Par exemple, si le Pare-feu Azure intercepte une requête HTTPS pour
www.google.com/news:- Pare-feu Standard : seul le composant FQDN est examiné. Il est donc
www.google.comclassé comme moteur de recherche - Pare-feu Premium : l’URL complète est examinée, elle est donc classée comme
www.google.com/news
- Pare-feu Standard : seul le composant FQDN est examiné. Il est donc
Performances améliorées : Le Pare-feu Azure Premium utilise un SKU de machine virtuelle plus puissant et peut évoluer jusqu'à 100 Gbps avec une prise en charge de flux importants de 10 Gbps.
Conformité PCI DSS : la référence SKU Premium est conforme aux exigences pci DSS (Payment Card Industry Data Security Standard), ce qui lui permet de traiter les données de carte de paiement.
Fonctionnalités Premium uniquement
- Plages d’adresses IP privées IDPS : configurez des plages d’adresses IP privées pour déterminer si le trafic est entrant, sortant ou interne (East-West)

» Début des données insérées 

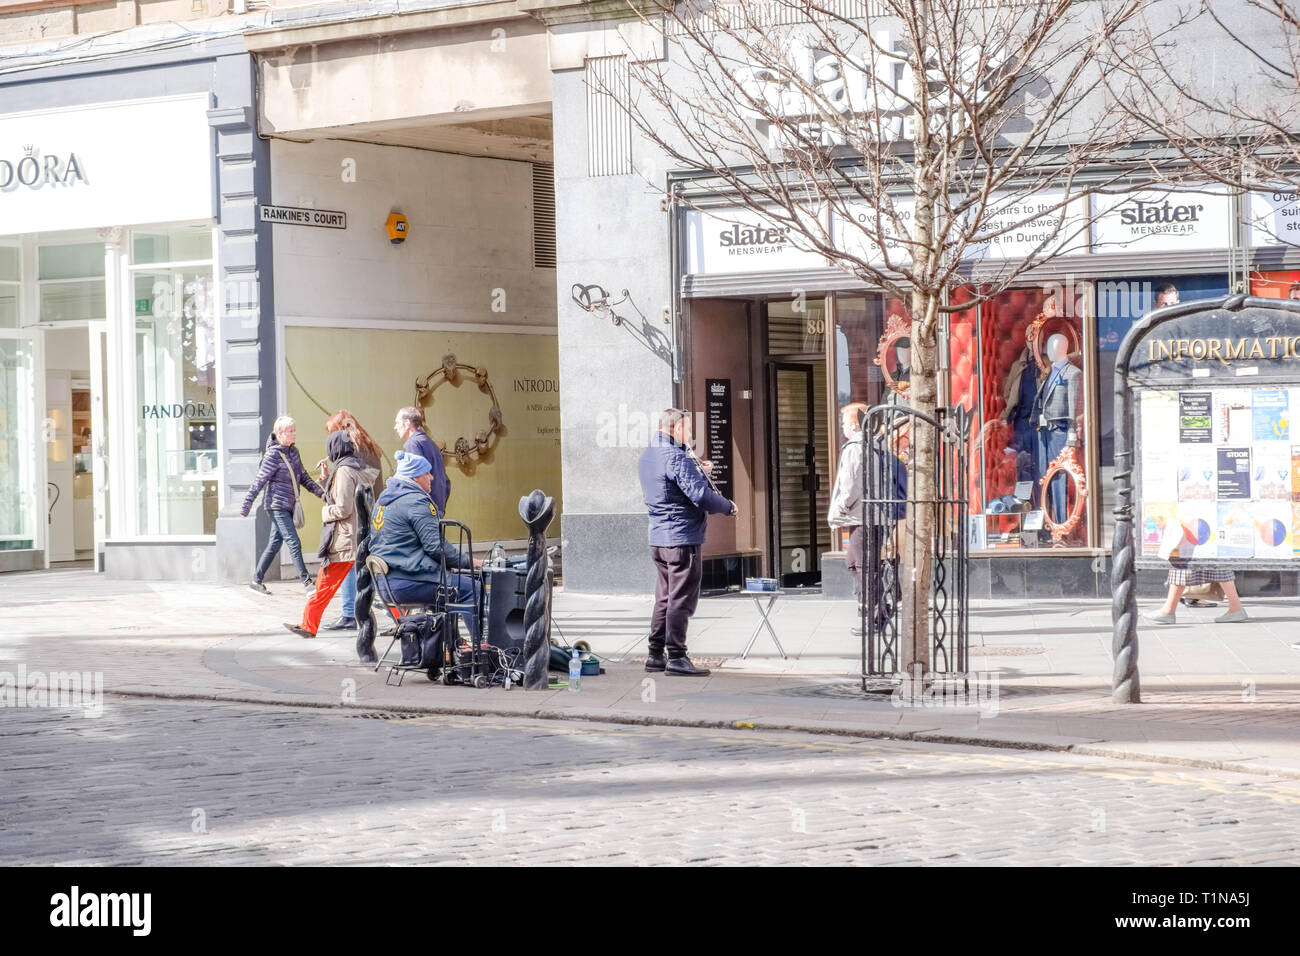 Dundee, Scotland, UK - March 23, 2019: People busy shopping and some street entertainers  in  in the City Centre of Dundee in Scotland. Stock Photo

- Règles de signature IDPS : personnaliser les signatures en modifiant leur mode en mode Désactivé, Alerte ou Alerte et Refus
- Recherche de catégorie web : identifier la catégorie d’un nom de domaine complet ou une URL à l’aide de la fonctionnalité Vérification de catégorie web
- Demandes de modification de catégorie : demandes de modifications de catégorie pour les noms de domaine complets ou les URL qui doivent se trouver dans différentes catégories
- Gestion des certificats d’inspection TLS : prise en charge des certificats d’autorité de certification fournis par le client pour l’inspection TLS
Fonctionnalités communes de toutes les références SKU
Zones de haute disponibilité et de haute disponibilité intégrées
Toutes les références SKU du Pare-feu Azure sont les suivantes :
- Haute disponibilité intégrée sans équilibreur de charge supplémentaire requis
- Prise en charge du déploiement des zones de disponibilité pour une disponibilité accrue
- Aucun coût supplémentaire pour le déploiement dans plusieurs zones de disponibilité
Traduction d’adresses réseau (NAT)
Tous les SKU prennent en charge :
- NAT source (SNAT) : toutes les adresses IP du trafic de réseau virtuel sortant sont traduites en adresse IP publique du Pare-feu Azure
- NAT de destination (DNAT) : le trafic réseau Internet entrant vers votre adresse IP publique de pare-feu est traduit et filtré en adresses IP privées
Gestion et surveillance
Toutes les références SKU sont les suivantes :
- Intégration d’Azure Monitor : tous les événements sont intégrés à Azure Monitor pour la journalisation et la supervision
- Classeur de pare-feu Azure : canevas flexible pour l’analyse des données du pare-feu Azure
- Gestion centralisée : prise en charge d’Azure Firewall Manager
- Analyse des stratégies : gestion et analyse des règles au fil du temps
- Intégration DevOps : prise en charge de REST/PowerShell/CLI/templates/Terraform
Conformité et certifications
Toutes les références SKU sont les suivantes :
- Conforme aux normes PCI (Payment Card Industry)
- Conforme aux contrôles d’organisation de service (SOC)
- Conforme à l’Organisation internationale de normalisation (ISO)
Premium fournit également la conformité PCI DSS pour les environnements de traitement des paiements.